How must employers control the risks?
Employers have a duty to assess risks to lone workers and take steps to avoid or control risks where necessary.
This must include:
- involving workers when considering potential risks and measures to control them;
- taking steps to ensure risks are removed where possible, or putting in place control measures, e.g. carefully selecting work equipment to ensure the worker is able to perform the required tasks in safety;
- instruction, training and supervision; and
- reviewing risk assessments periodically or when there has been a significant change in working practice.
This may include:
- being aware that some tasks may be too difficult or dangerous to be carried out by an unaccompanied worker;
- where a lone worker is working at another employer’s workplace, informing that other employer of the risks and the required control measures; and
- when a risk assessment shows it is not possible for the work to be conducted safely by a lone worker, addressing that risk by making arrangements to provide help or back-up.
Risk assessment should help employers decide on the right level of supervision. There are some high-risk activities where at least one other person may need to be present.
- working in a confined space, where a supervisor may need to be present, along with someone dedicated to the rescue role;
- working at or near exposed live electricity conductors; and
- working in the health and social care sector dealing with unpredictable client behaviour and situations.
Which particular problems affect lone workers?
Lone workers should not be put at more risk than other employees. Establishing a healthy and safe working environment for lone workers can be different from organising the health and safety of other employees. Some of the issues that need special attention when planning safe working arrangements are set out below, but your risk assessment process should identify the issues relevant to your circumstances.
Why is training particularly important for lone workers?
Training is particularly important where there is limited supervision to control, guide and help in uncertain situations. Training may also be crucial in enabling people to cope in unexpected circumstances and with potential exposure to violence and aggression.

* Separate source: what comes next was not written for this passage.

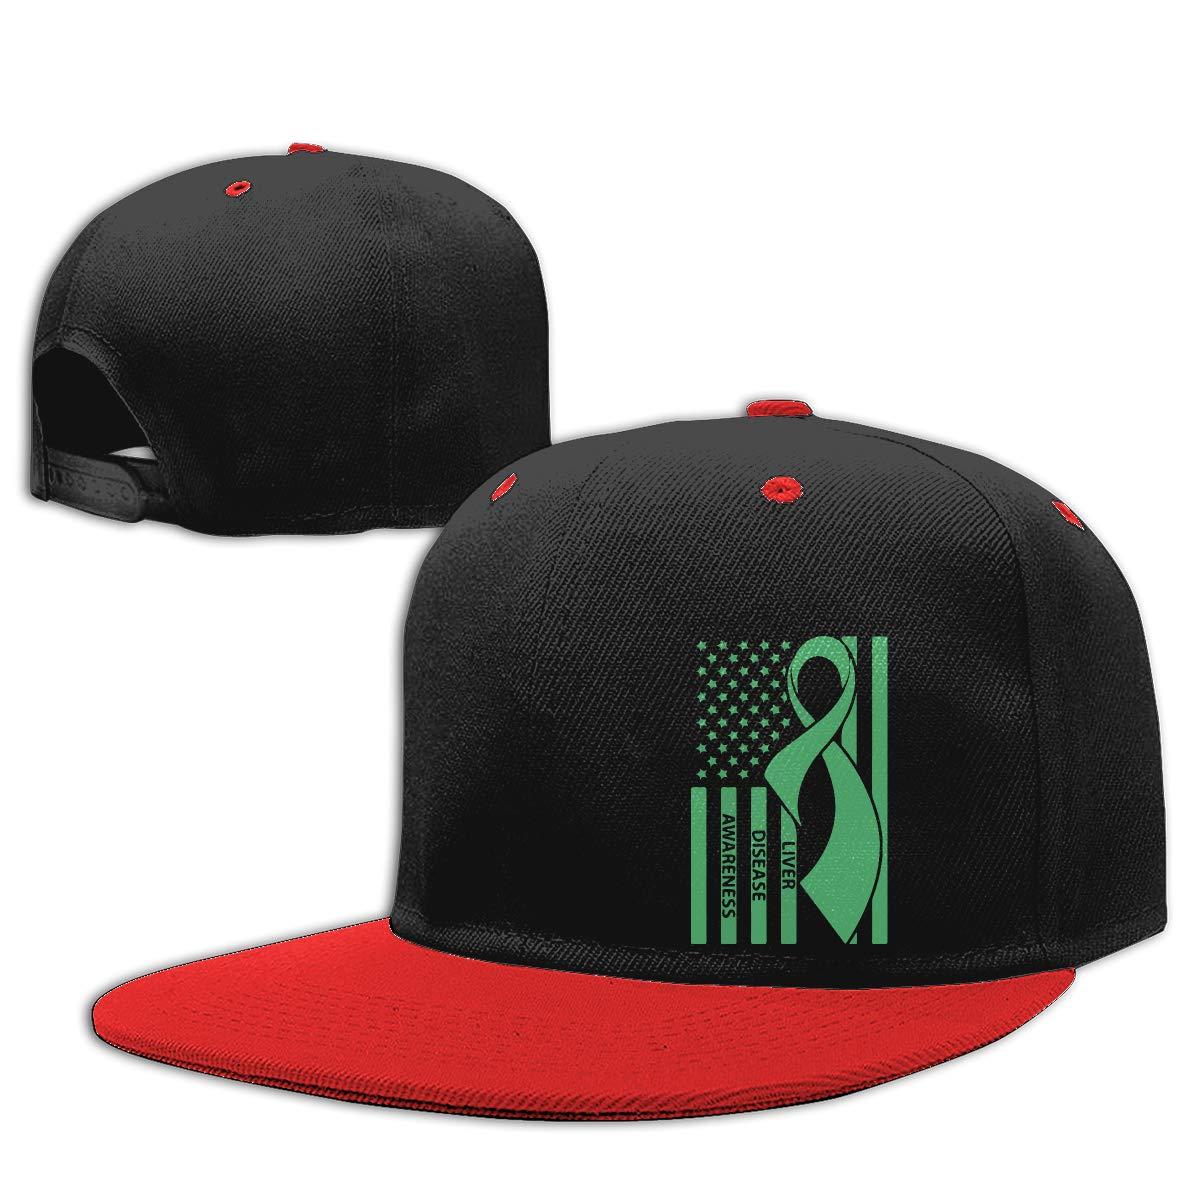 Liver Awareness Unisex Hip-Hop Baseball Caps NMG-01 Men and Women Dad Hat

Lone workers are unable to ask more experienced colleagues for help, so extra training may be appropriate. They need to be sufficiently experienced and fully understand the risks and precautions involved in their work and the location that they work in.
Employers should set the limits to what can and cannot be done while working alone. They should ensure workers are competent to deal with the requirements of the job and are able to recognise when to seek advice from elsewhere.
Procedures must be put in place to monitor lone workers as effective means of communication are essential. These may include:
- supervisors periodically visiting and observing people working alone;
- pre-agreed intervals of regular contact between the lone worker and supervisor, using phones, radios or email, bearing in mind the worker’s understanding of English;
- manually operated or automatic warning devices which trigger if specific signals are not received periodically from the lone worker, eg staff security systems;
- implementing robust system to ensure a lone worker has returned to their base or home once their task is completed.
What happens if a person becomes ill, has an accident, or there is an emergency?
Your assessment of the risks should identify foreseeable events. Emergency procedures should be established and employees trained in them.
Information regarding emergency procedures should be given to lone workers. Your risk assessment may indicate that mobile workers should carry first-aid kits and/or that lone workers need first-aid training. They should also have access to adequate first-aid facilities.